Transfer efficiency and area coverage of spray droplets impacting planar surfaces

Abstract

An experimental study was conducted to measure spray transfer efficiency, defined as the mass fraction of sprayed droplets that adhere to a target surface, and the rate of surface coverage by impacting droplets. The objective was to determine how transfer efficiency and surface coverage rates vary with droplet size distribution and air velocity, which is important in selecting spray parameters in painting and coating applications. The study was conducted using a wind tunnel consisting of a 6.5-cm-diameter tube connected to a tubular fan, producing controlled airflow velocities from 2 to 9 m/s. Sprays of canola oil or a 33 vol% glycerin–water mixture were introduced into the airstream and directed toward a 10-cm-diameter target disk, where the mass of deposited droplets was measured to evaluate transfer efficiency. Transfer efficiency was calculated by dividing the total target weight change by the weight of liquid sprayed.

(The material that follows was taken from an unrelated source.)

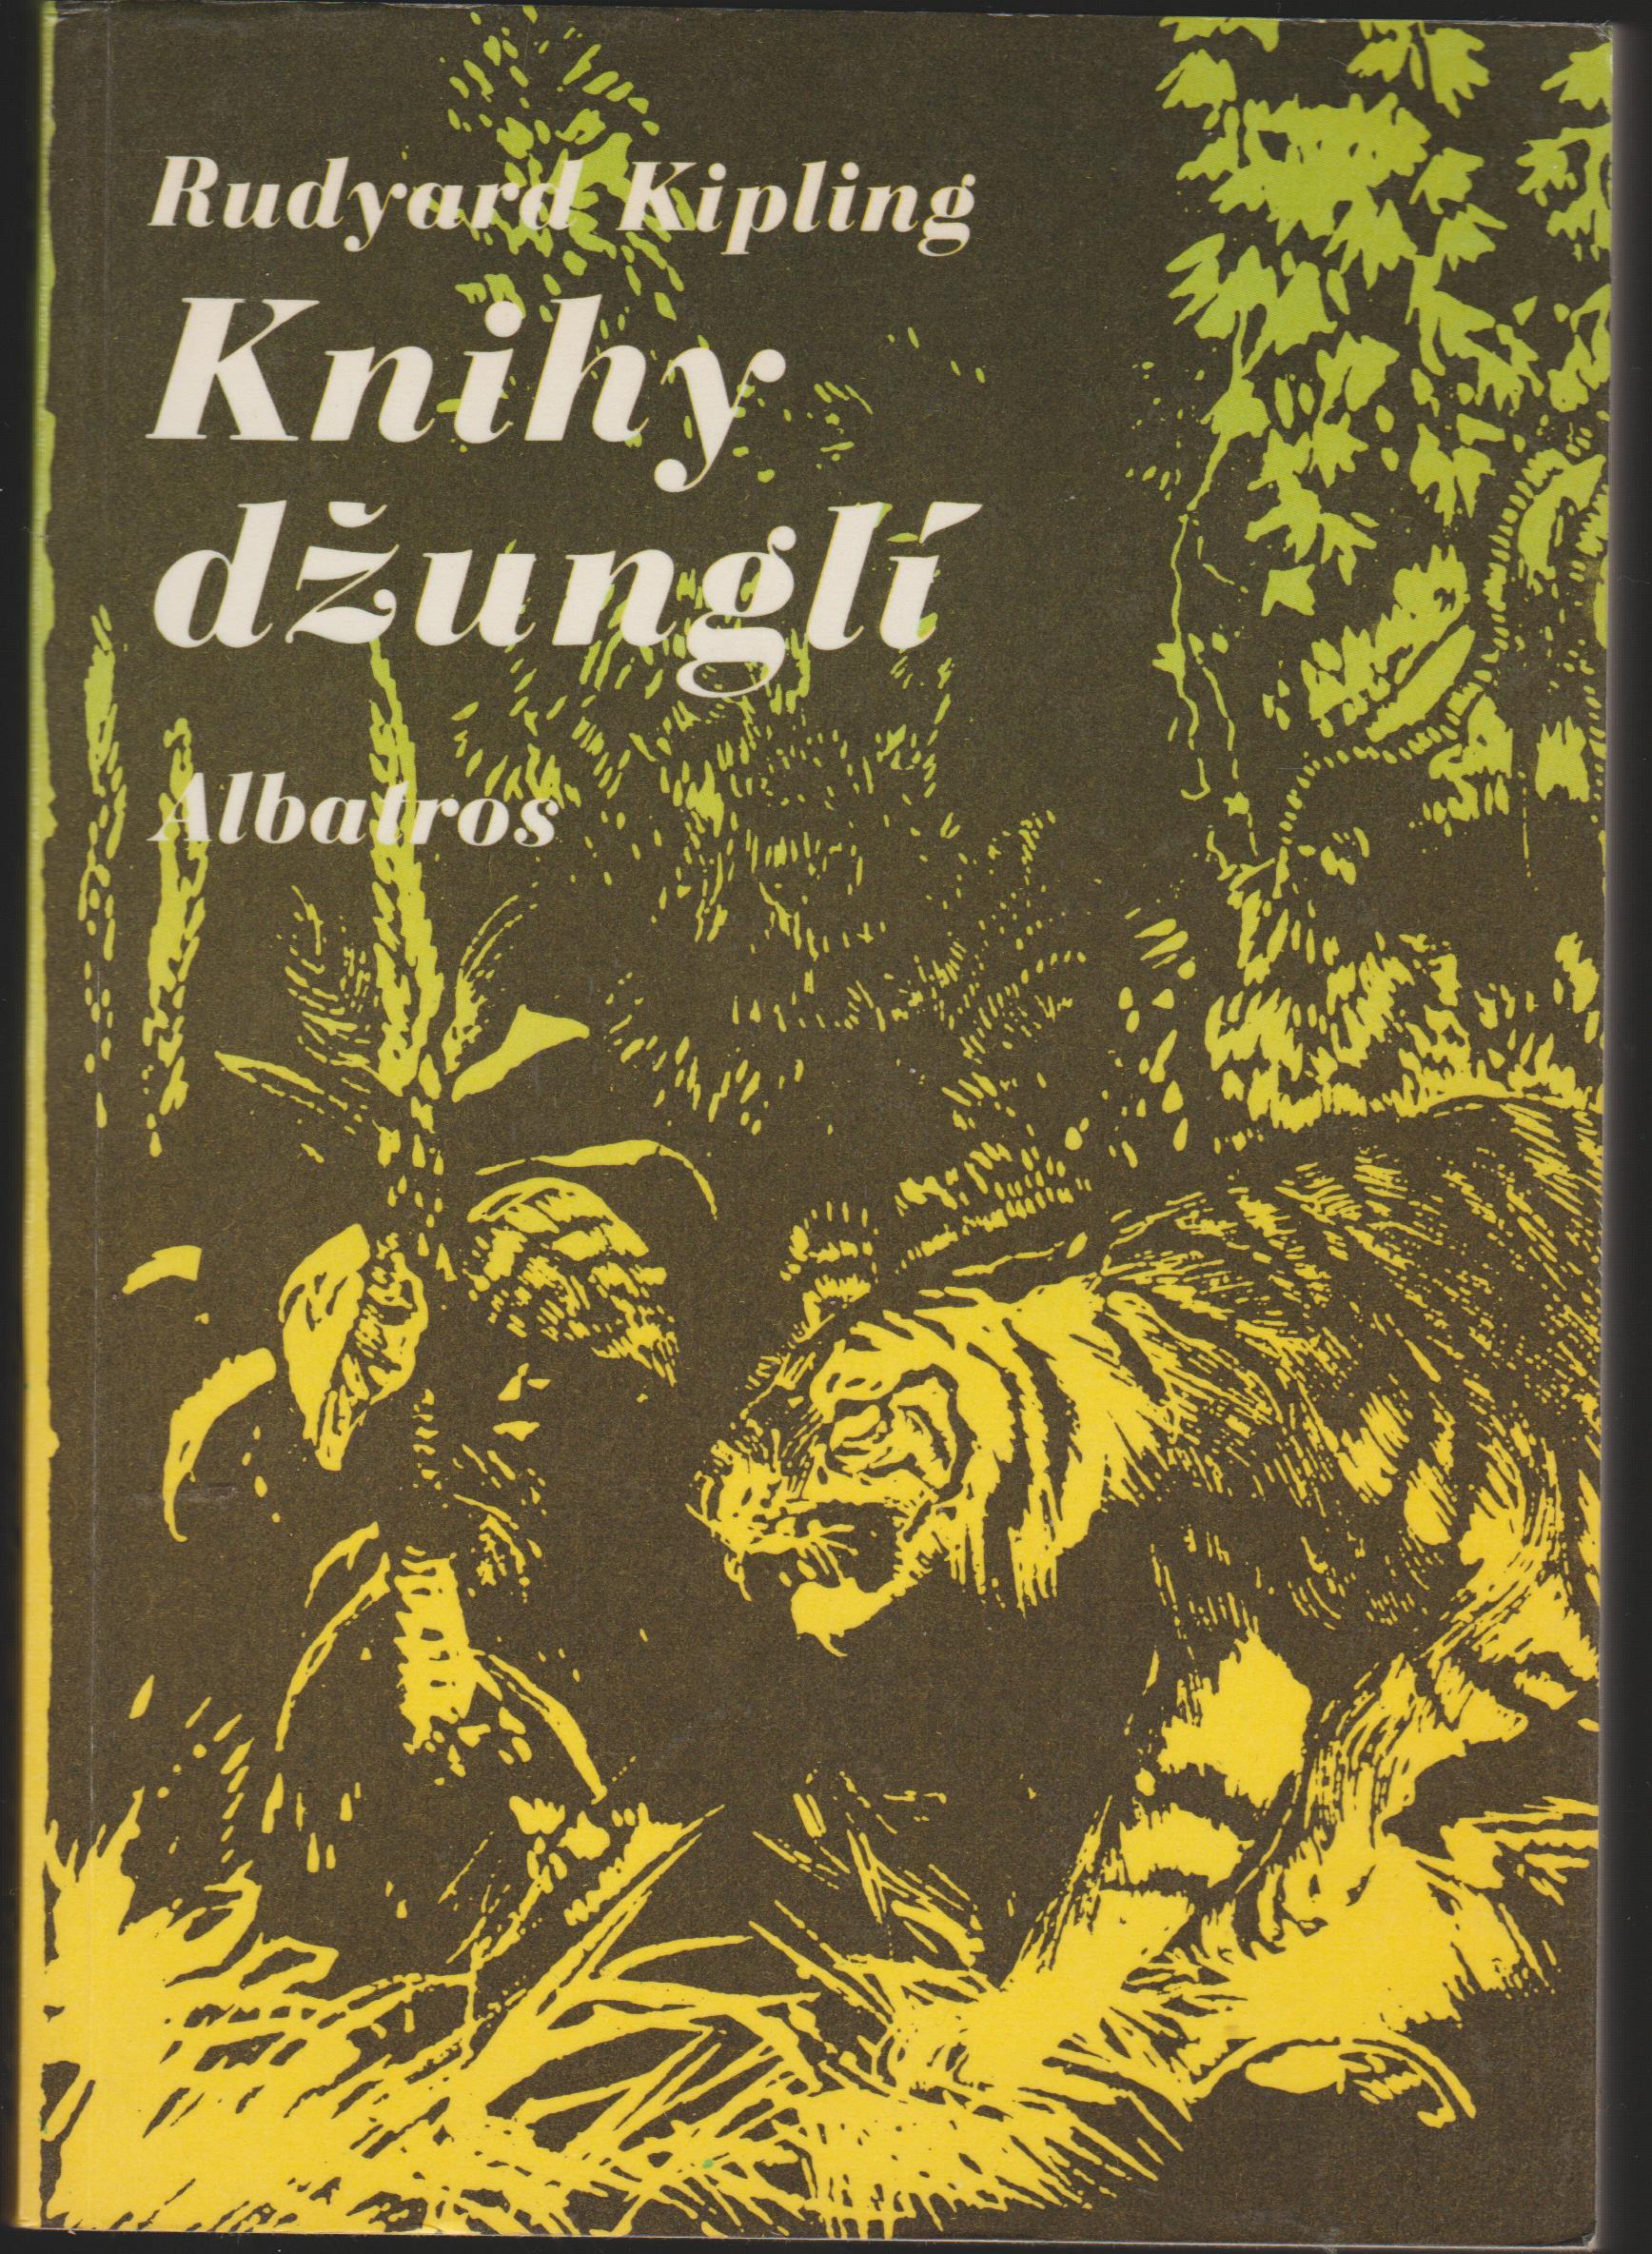 knihy džunglí - Rudyard Kippling

Droplet diameter distributions were measured using a direct imaging method. A high-speed camera was used to photograph droplets landing on the substrate and the rate of area coverage by impacting droplets measured. Transfer efficiency and surface coverage rates increase with airstream velocity. Larger droplets, whose motion is dominated by inertia, have a higher probability of reaching the target and a higher transfer efficiency. Below a critical Stokes number (St < 0.25), droplets fail to reach the target, irrespective of velocity. Droplet trajectories were modeled using an analytical solution to the inviscid stagnation flow problem to determine air velocities and calculate drag forces on droplets. A stochastic model of droplet transport and deposition accurately predicts transfer efficiencies and rates of surface coverage, except at higher (> 5 m/s) velocities where turbulence in the flow increases.